NEW YORK — Cablevision Systems has been slapped with a shareholder lawsuit over the Dolan family’s plan to take the cable side of their biz private and spin off programming arm Rainbow Media into a publicly traded company.
The shareholder, Penn Capital Management, alleged the Cablevision board is breaching its fiduciary duty by not allowing potential bidders for the cable assets to participate in the process.
In the past, Time Warner Cable has made it clear it might make a play for Cablevision’s cable biz should the Dolan family ever put it up for sale.
Penn Capital’s lawsuit said the Dolans’ plan was designed to solve a bitter boardroom battle between Charles and James Dolan, as opposed to what is in the best interest of shareholders.
Charles Dolan is slated to run the private cable company, while James Dolan would head up Rainbow Media Holdings, the new public company.
Rainbow Media Holdings would house Rainbow’s stable of cable nets, which include AMC and IFC, as well as Cablevision’s sports and entertainment properties, including Madison Square Garden and Radio City Music Hall.
The Cablevision board has tapped Lehman Bros. and Morgan Stanley to advise on the proposed breakup.

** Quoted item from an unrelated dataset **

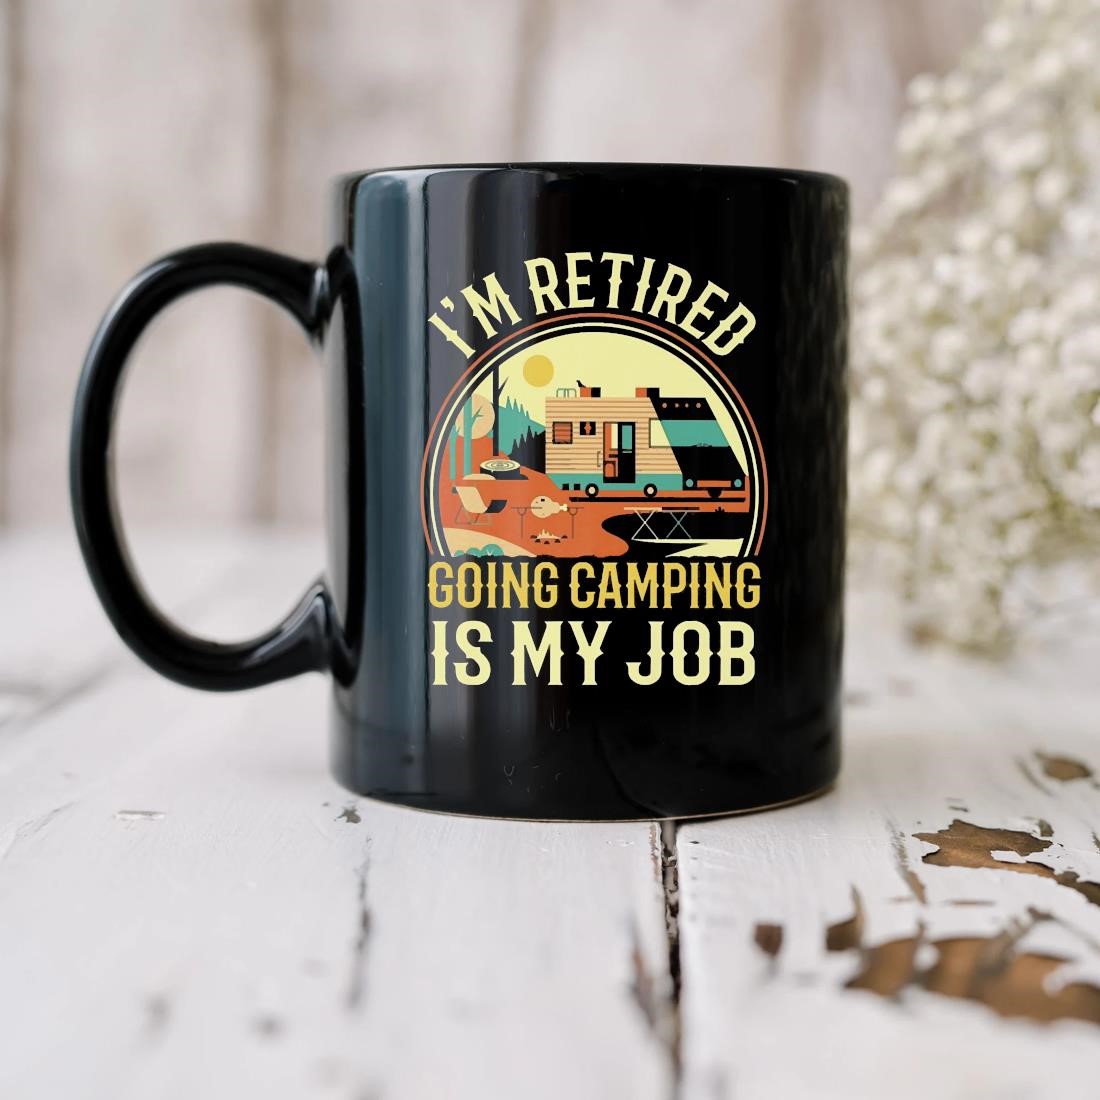 I'm Retired Going Camping Is My Job Mug biu.jpg

Under the $7.9 billion deal, Cablevision stockholders would get $21 in cash for each share they own, plus shares in the new Rainbow Holdings, valued at $12.50 a share.

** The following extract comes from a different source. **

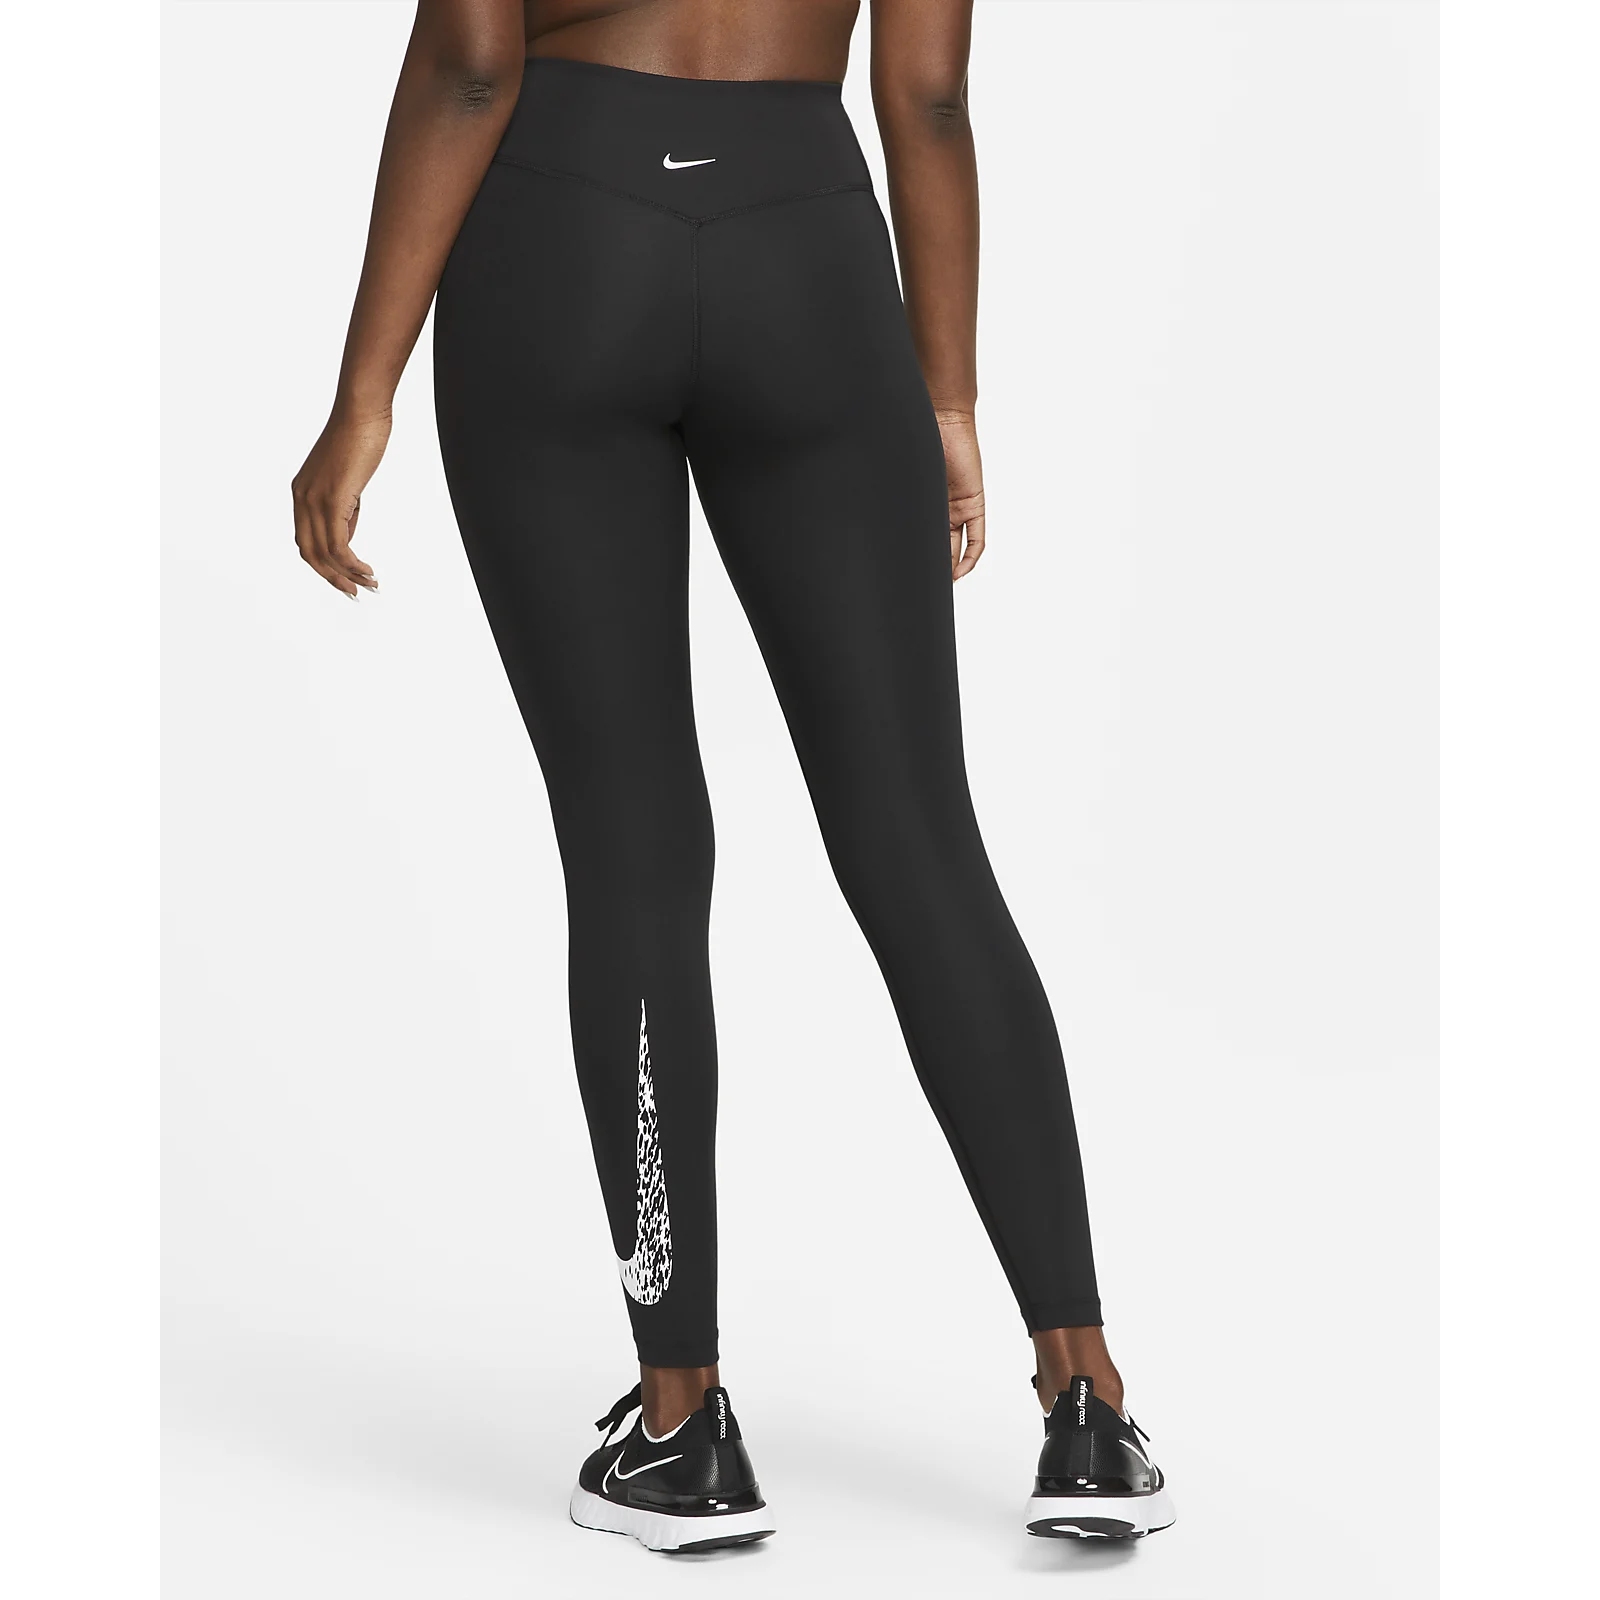 Nike Women's Swoosh Run Leggings - Black/Reflective Silver

Cablevision said it had no comment on the lawsuit.
Penn Capital — which owns less than 0.05% of stock in Cablevision — also is asking the court to place recent bonuses awarded to Charles and James Dolan in a special trust.
Earlier this month, the Cablevision board said that both Dolans were each receiving a deferred bonus of $2.8 million from 2002, when the cabler was strapped for cash.
Cablevision shares dropped 1¢ in trading Tuesday to close at $30.80.